真剣に言ったプロポーズに、土方は失礼にも吹き出した。

「ぶはっ。てめー、育っても法律は覚えてねーのか」

「だから、結婚できる国だってありますぅ。日本だって証明書とか発行してくれるとこもあるじゃん」

「……なんで俺だよ」

あの時と同じ質問をする土方に、銀時は掴んだ手に目を落としてから答える。

「先生が言ったように、本当に“気のせい”かって考えた。周りの女子が可愛く見えるときが来るのかって様子見てたのに……誰も先生以上になってくれなかったんですけど」

銀時は、無かったことにされそうなのが悔しくて“覚えてろ”なんて言ったけれど、会わなくなって時間が経つうちに、諦めたほうが土方のためなんじゃないかと思った。

なのに、

「ずっとずっと先生が消えてくんなくて……忘れられなくて……そしたらこの学校にゴリ先生が居るし、向こうは気付かなかったから俺も黙ってたけど、いつか……先生にも会えるかもって思ってたら、先生まで赴任してくるし」

桜の花びらが舞い散る校庭に、ずっとずっと消えなくて忘れられなかった姿を見たとき、心臓が止まったような気持ちになる。
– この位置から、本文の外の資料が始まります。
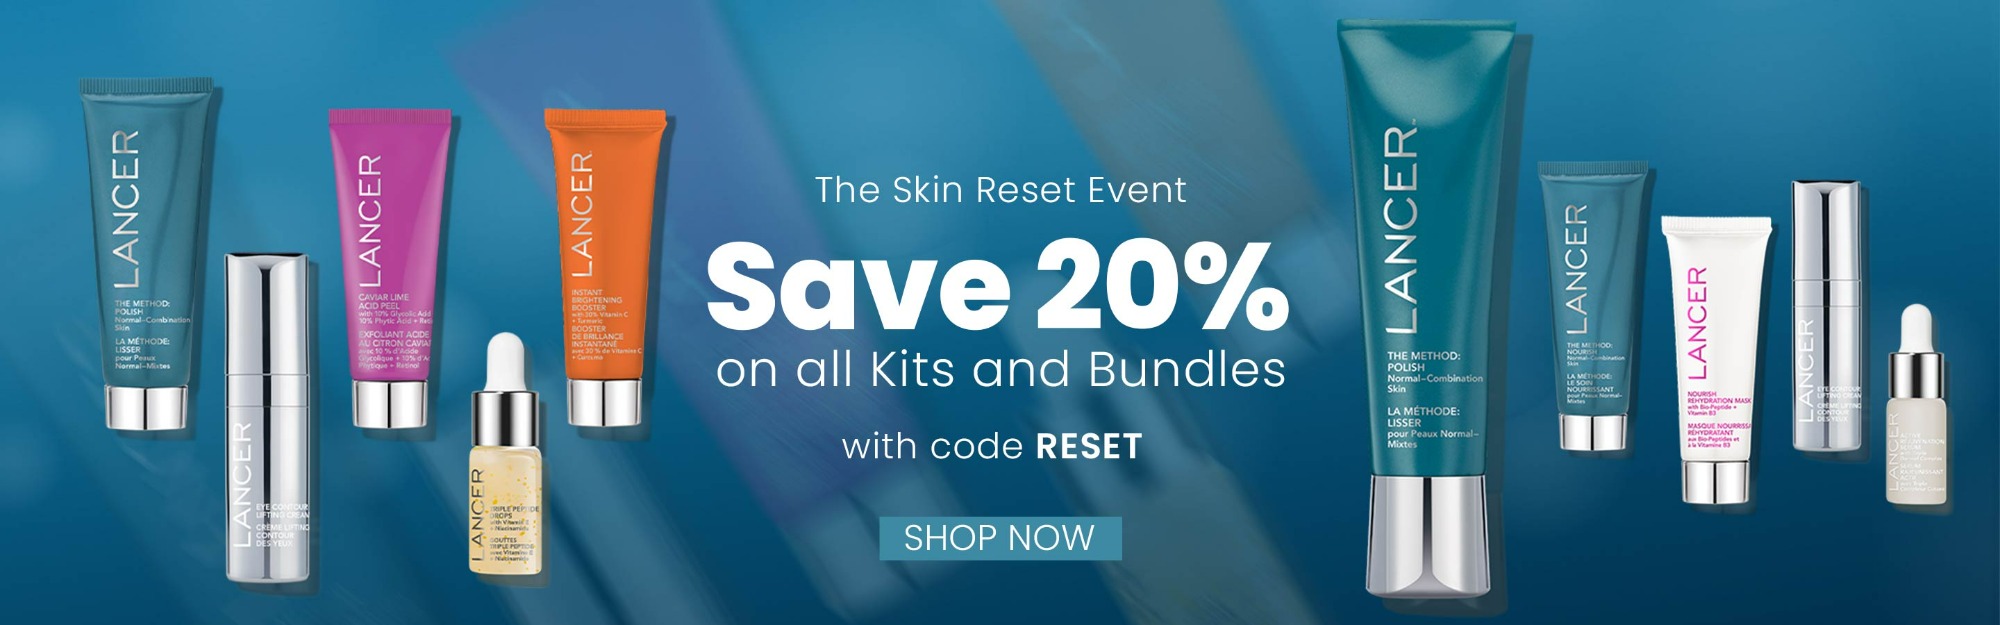 The Skin Reset Event
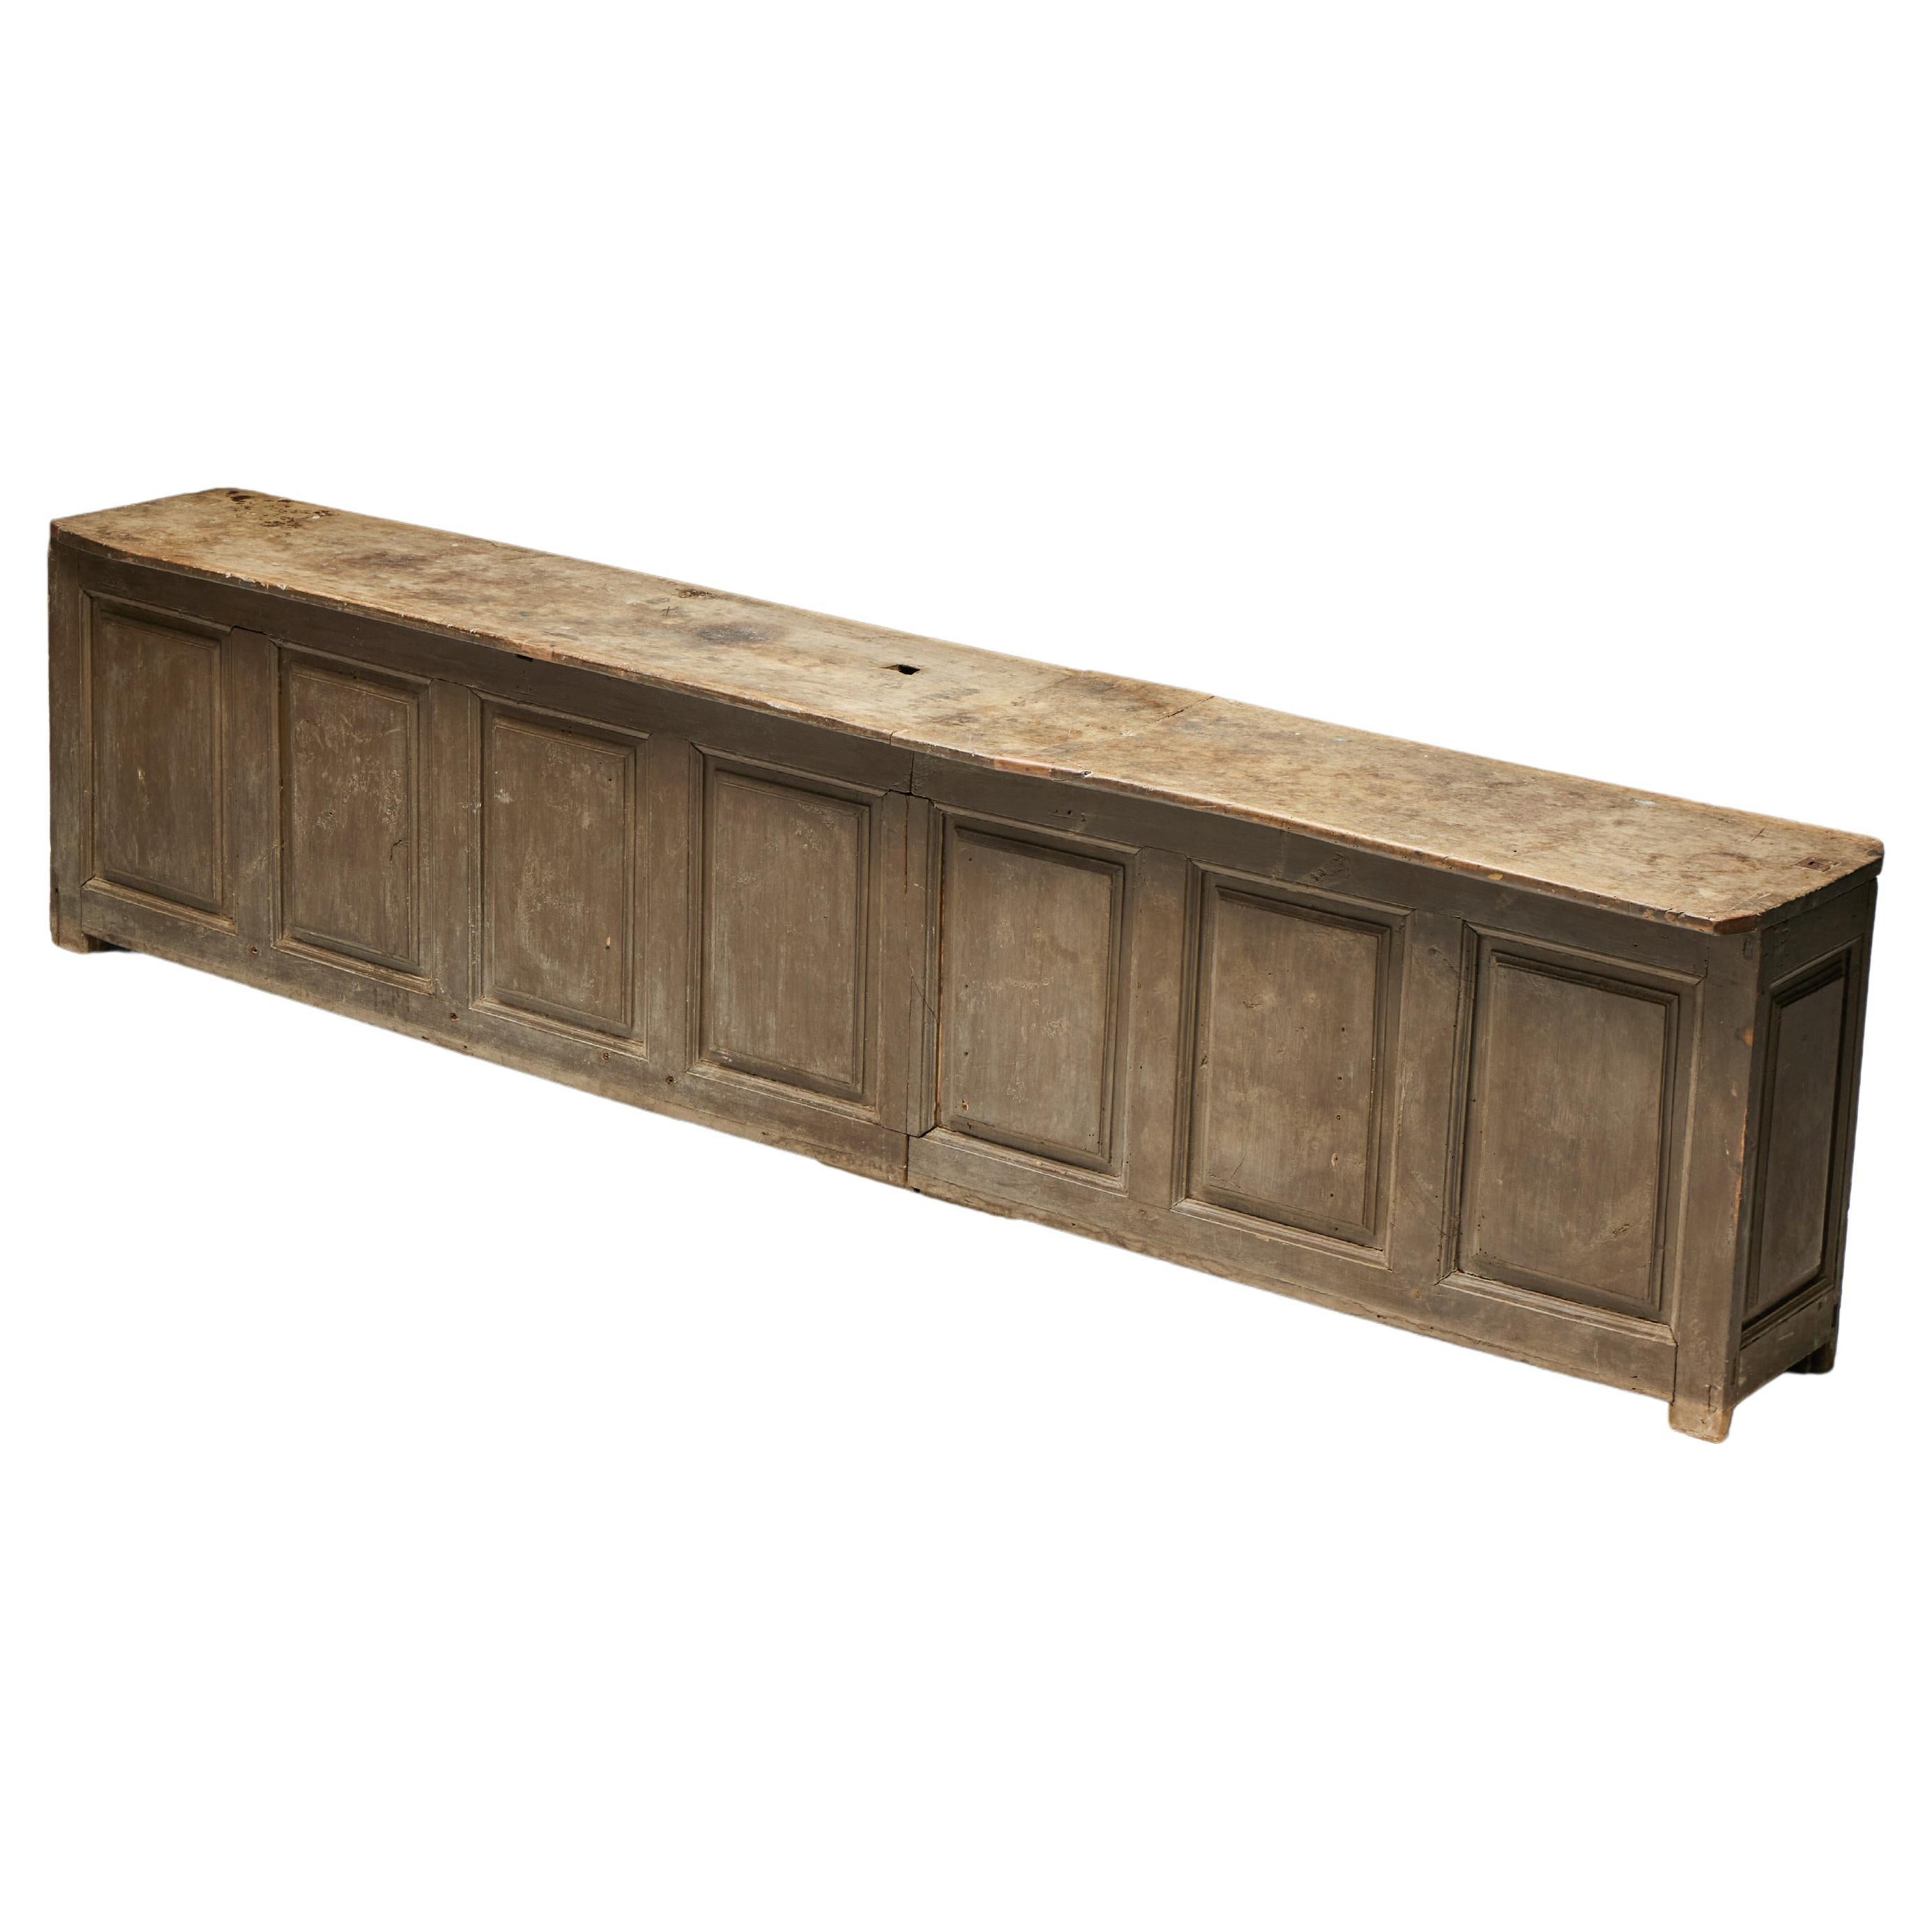 Rustic Art Populaire Freestanding Bar Counter, France, 19th Century For Sale

すぐにでも声をかけたかったけれど拒絶されるのが怖くて躊躇っていたら、全然気付いてもらえなくてがっかりする反面ホッとした。

これでしばらく見つめていられる。銀時の前では警戒しているせいで表情が硬いが、こっそり覗いているときに見せる笑顔は昔のまま綺麗で嬉しくて、なので「どういうつもりだ」と問い詰められたとき改めて告白してしまった。

想像通り、嫌がられたけれど。

「ずっと好きだって、変わらないって言っただろ。だから俺のことちゃんと考えてくんない?」

再会して告白されてからの銀時は、断っても断っても付き纏い、なぜかいつも自信有り気だったのに、改まって告白した今は少し寂しそうだった。

改まったからこそ断られるのが怖いのかもしれない。

あの頃のことを思い出してみれば、銀時は本当のことしか言ってなかった。一目惚れ、気は長いほう、嘘つき。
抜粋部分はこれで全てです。